- _Exercise description_
Print the listing below word for word, but drop any pictures it contains.

--- Recorded data Enclosed Below ---

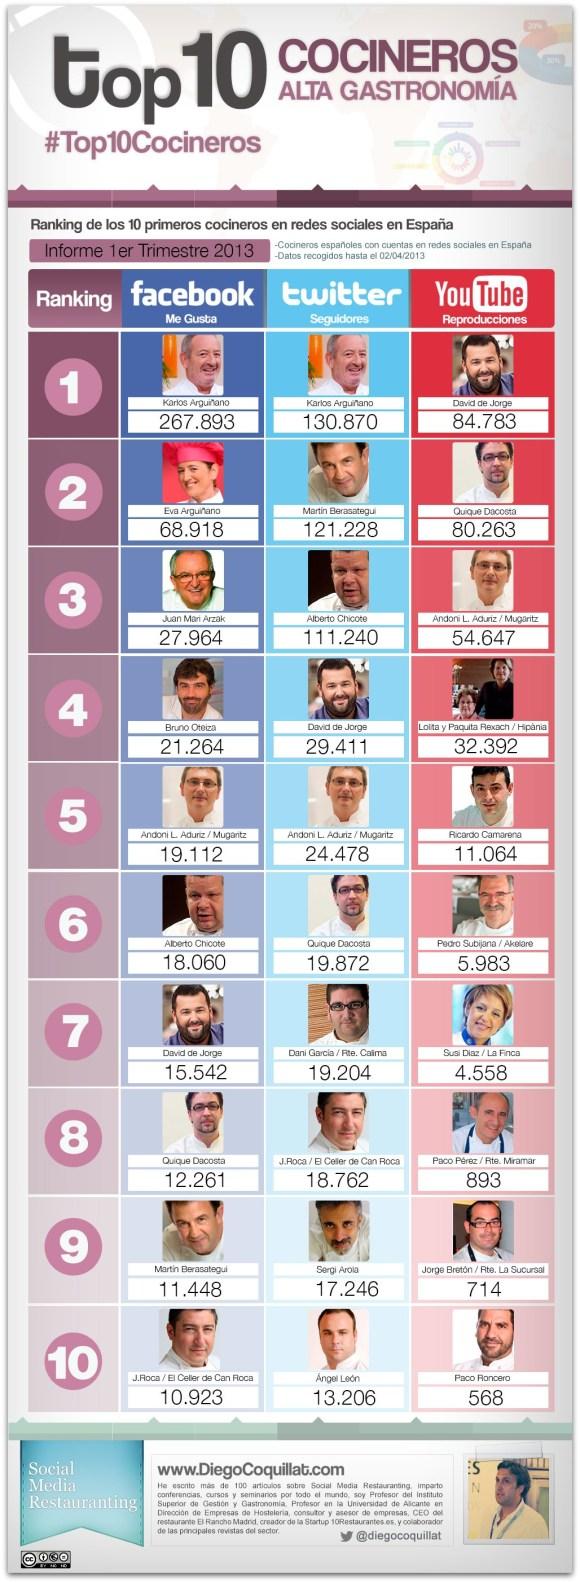 Ranking best chefs in social networks in Spain 2013
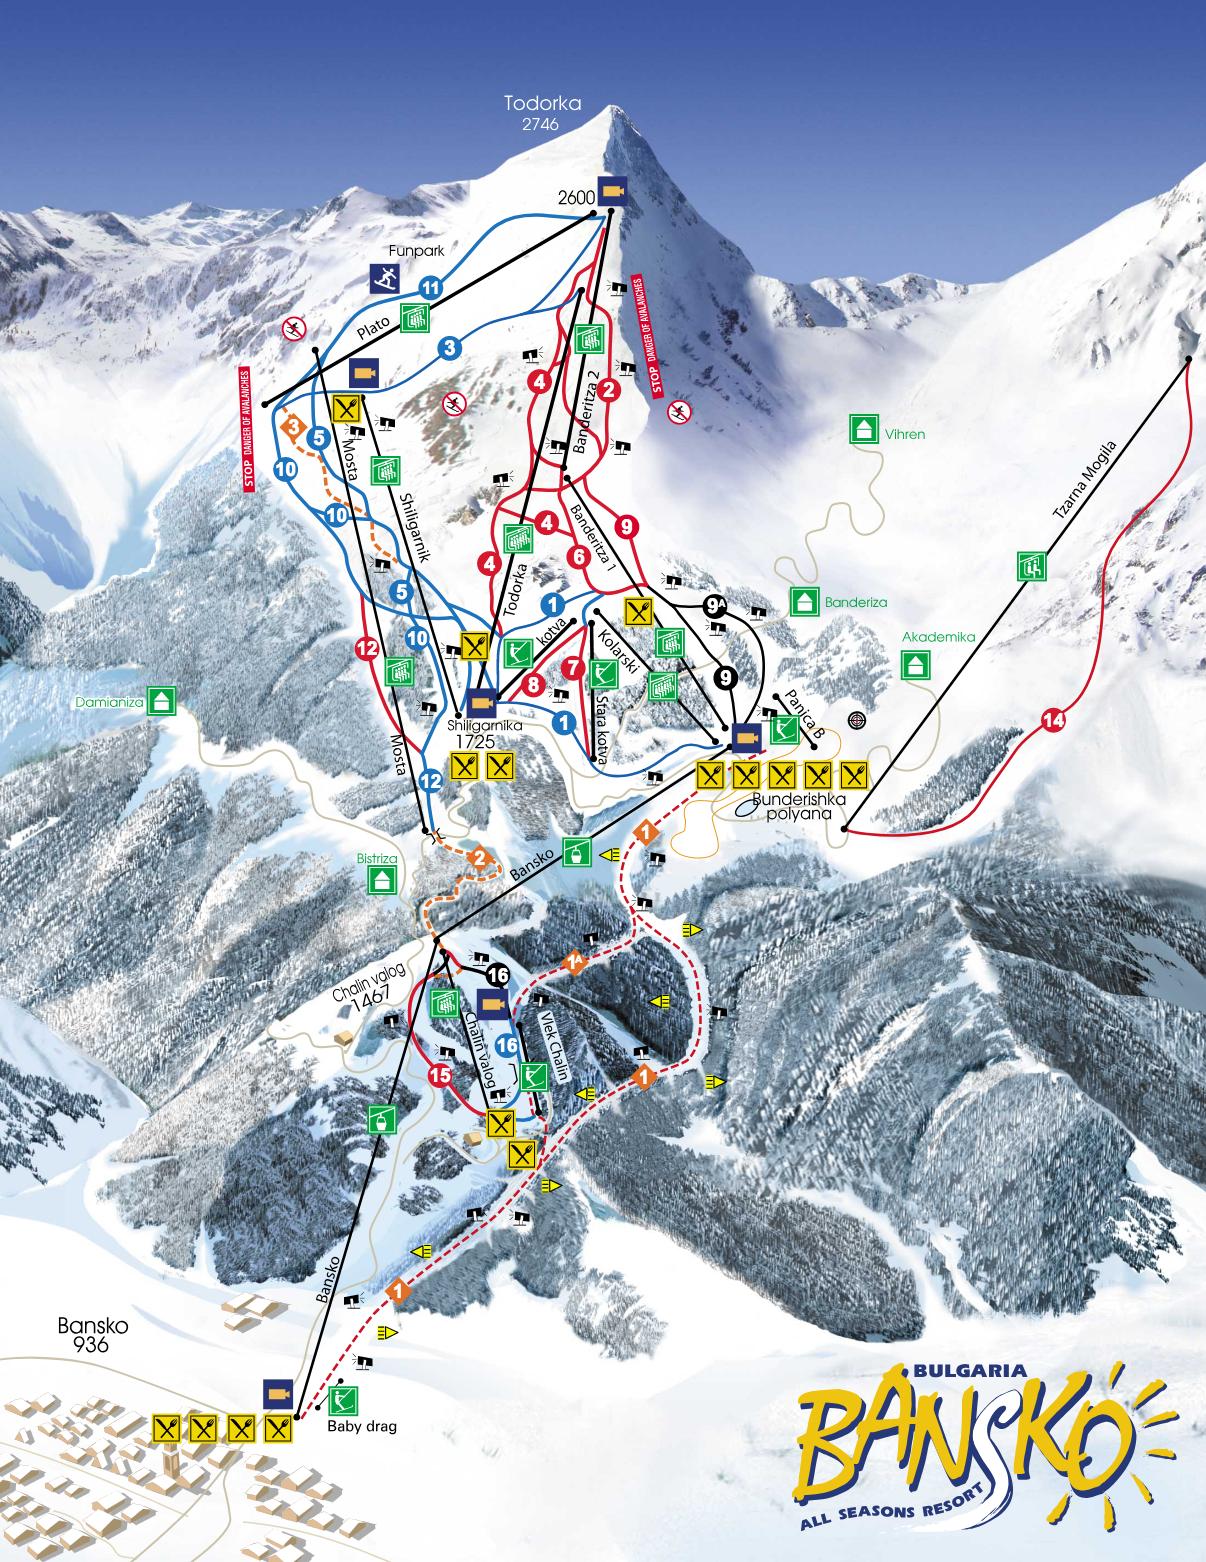 Bansko Ski Slopes Detailed Map
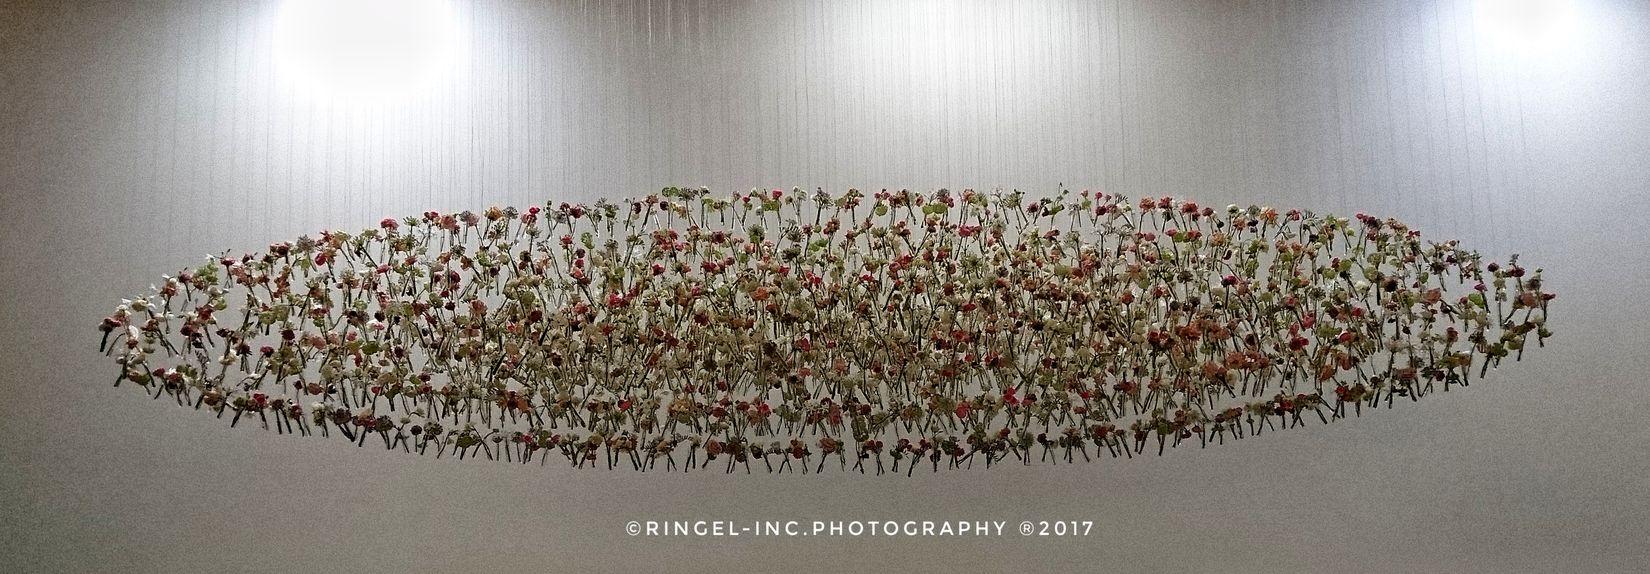 Flying flowers. Illuminated Hanging Out Nature Fooling Around ^_^ Taking Photos Enjoying Life Snapseed Creativity Luxury Hello World Getting Inspired

--- End of Enclosed Recorded data ---

- _Result of this exercise_
 Ranking best chefs in social networks in Spain 2013
 Bansko Ski Slopes Detailed Map
 Flying flowers. Illuminated Hanging Out Nature Fooling Around ^_^ Taking Photos Enjoying Life Snapseed Creativity Luxury Hello World Getting Inspired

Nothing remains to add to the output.